HuggingFace and OpenAI, if those count as frameworks. I’m impressed with both teams. I’m their target user and they sure target me well. They solve a clear need that I have: easy, flexible access to the latest and greatest foundation models.
How do you see the balance and friction between open source vs. API-based distribution models for LLMs? Who wins at the end?
They coexist, in my opinion. Why wouldn’t they? They serve different needs, even within the same user. I sometimes need an API, sometimes need the base open source model, sometimes need a no-code interface. And I’m someone who can consume all three. Some people can only consume a subset of these.

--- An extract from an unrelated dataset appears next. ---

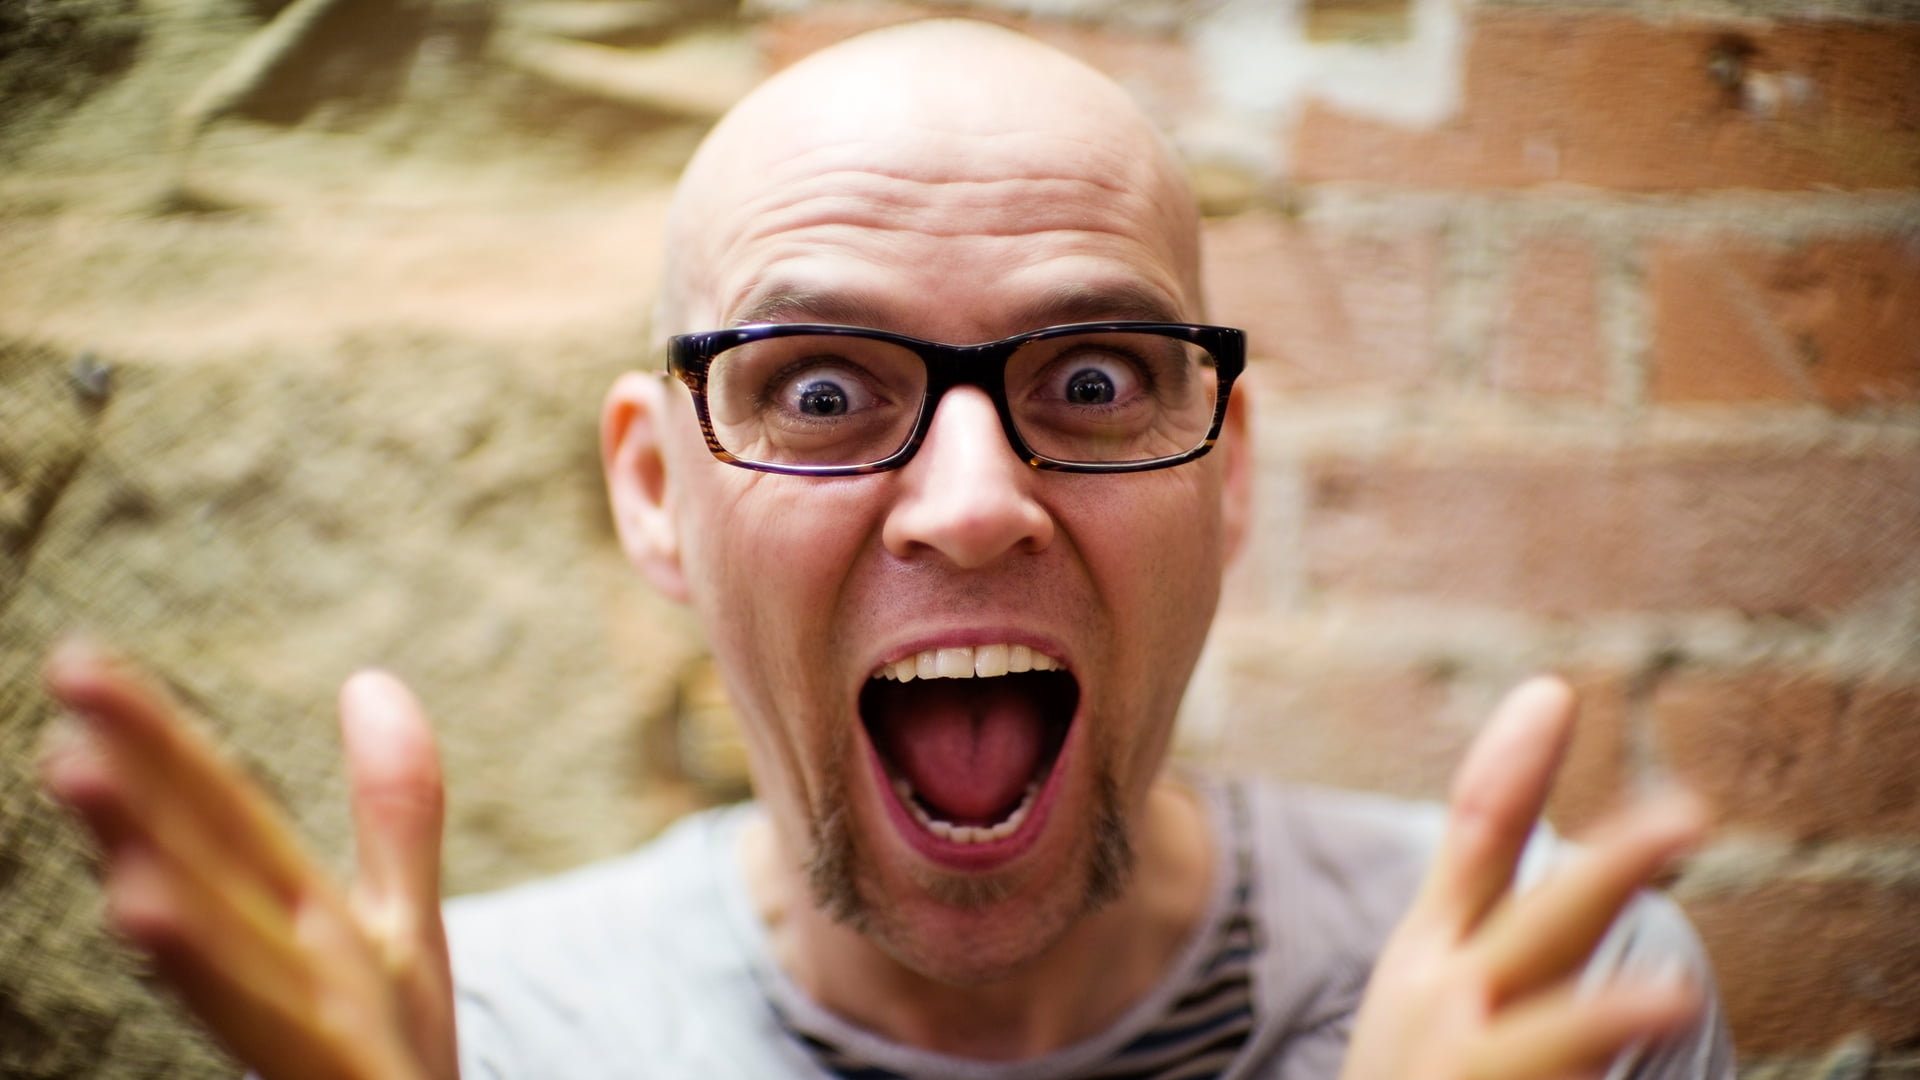 Man wearing eyeglasses showing surprised expression HD wallpaper ...

If you need to predict one technique that will overtake transformers as the architecture of choice for foundation models, what would that be?
I’m interested to see a real contender with an architecture that can take in richer information through gradients, while keeping the amazing efficiency of self-attention. This might start with diffusion models, at least working in tandem with transformers to provide more informed gradients beyond just next token prediction. It’ll likely not be the instantiation of diffusion models that we know today, but it’ll be interesting to see how to provide more information via sgd than we are doing with transformers today (I know there’s some early work today, but as of writing this, it hasn’t been reproduced really well. We as a community move like lightning though, so I don’t doubt we’ll make leaps and strides soon).